A WIFE'S SEARCH FOR PEACE (AND OTHER MISSIONS IMPOSSIBLE): A MEMOIR

A gripping and guileless account of being the wife of a TOPGUN instructor.

A Navy wife shares intimate details of what life in the military really means for the family behind the enlisted man.

Starnes never expected to become part of the extended military family or to be married to someone who was often gone for long stretches of time. She grew up with a father who was often absent, out working on oil rigs, and she wanted a more stable life for herself and her yet-to-be-born children.
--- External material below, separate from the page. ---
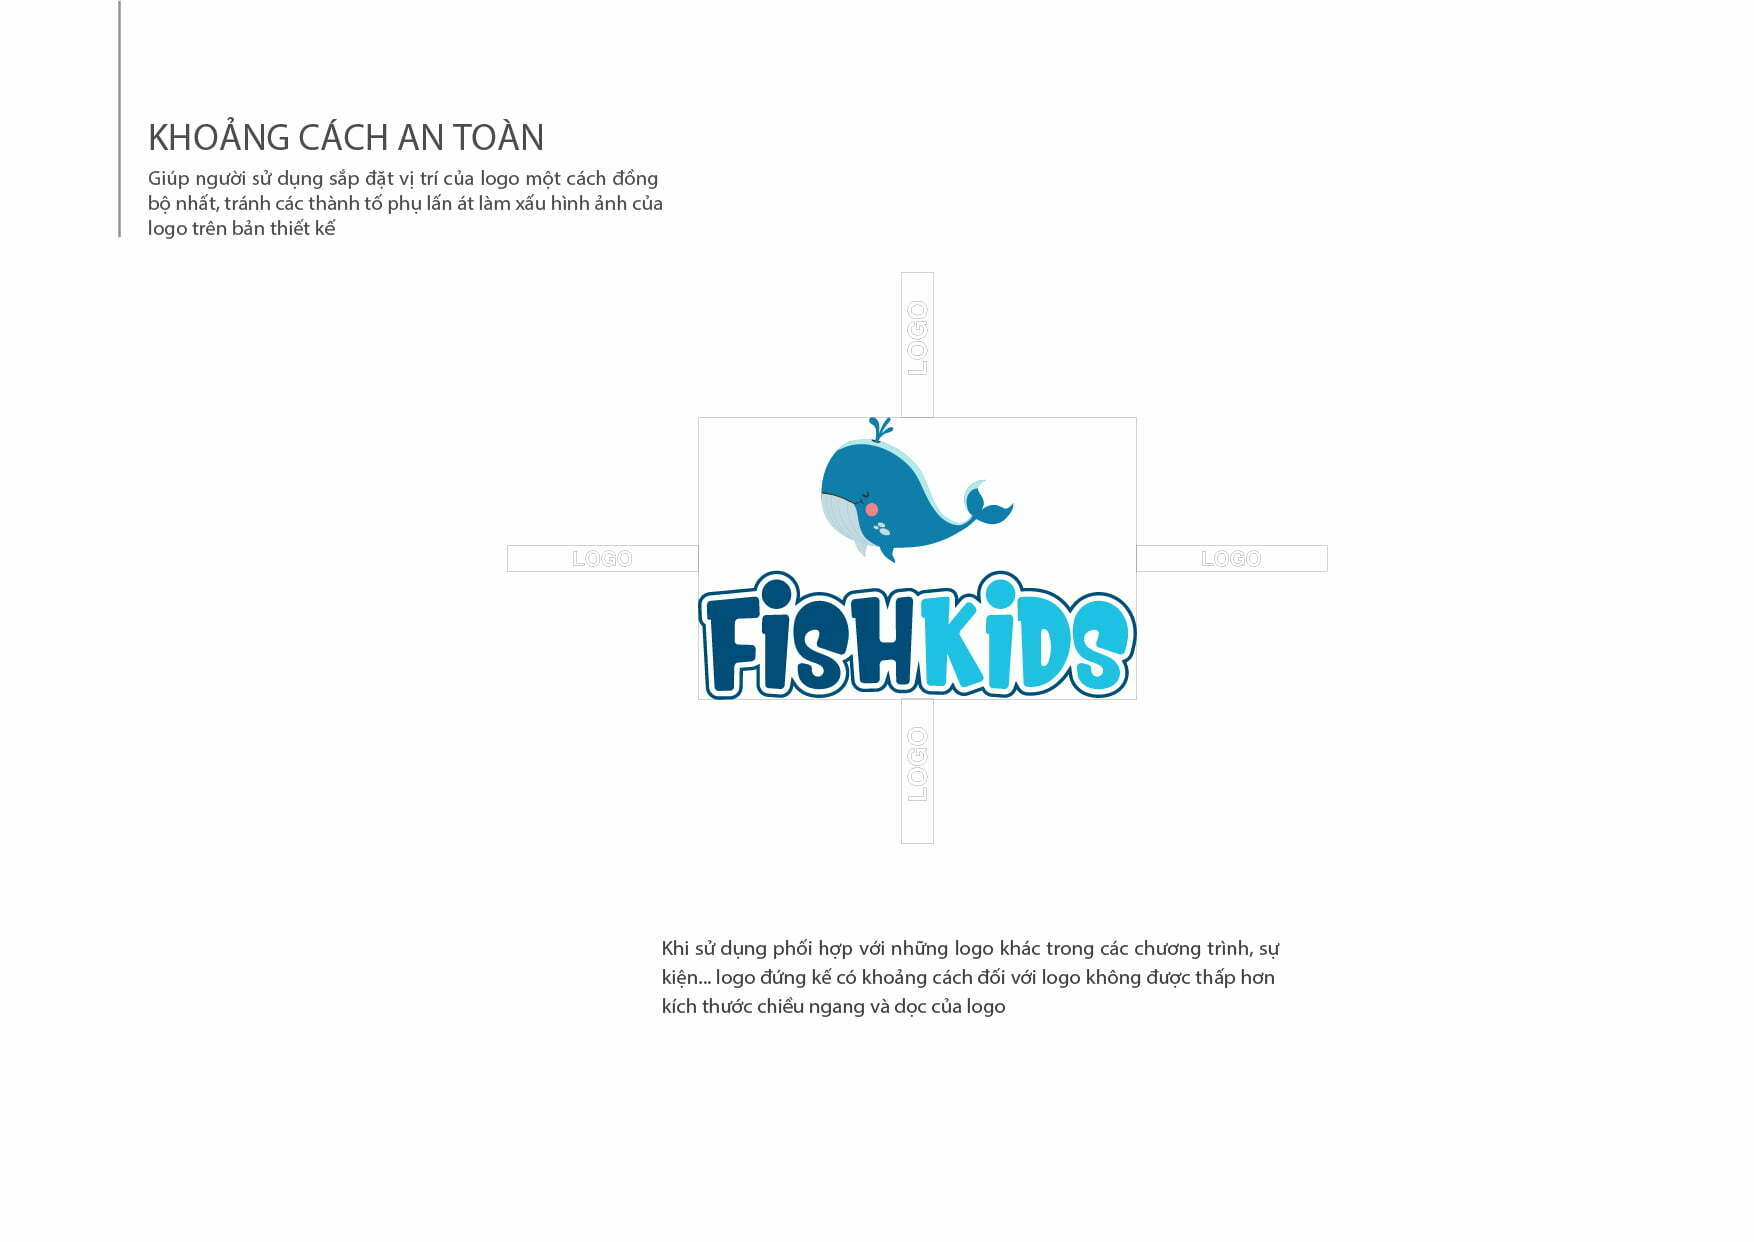 Fishkids Quy chuan logo Vesion 1 06

But she married a man who wanted to fly Navy fighter jets and suddenly found herself moving across the country after a quick wedding so her husband could attend training school. What unfolds over a period of 10-plus years is an honest portrayal of the difficulties military wives face while their husbands are deployed or so deeply embedded in top-secret trainings that they are unavailable emotionally or physically. With compelling prose, Starnes delves deeply into the emotional ups and downs she experienced as she formed new friendships only to have them torn apart when they needed to move again, of the hurdles she faced raising her two sons for months at a time by herself, and of her own desires to be a writer, to be more than just a military wife, and to have some identity of her own. The author also discusses her struggles with depression, her inability as a child to adjust to her father's long absences, and the painful moments she endured as she and her husband tried to reconnect after each of his many returns. The writing is often dramatic, providing readers with a behind-the-scenes look at military life from a unique perspective: that of the silent partner who endures separation, secrecy, and the fears that her husband may be the one who doesn't make it back.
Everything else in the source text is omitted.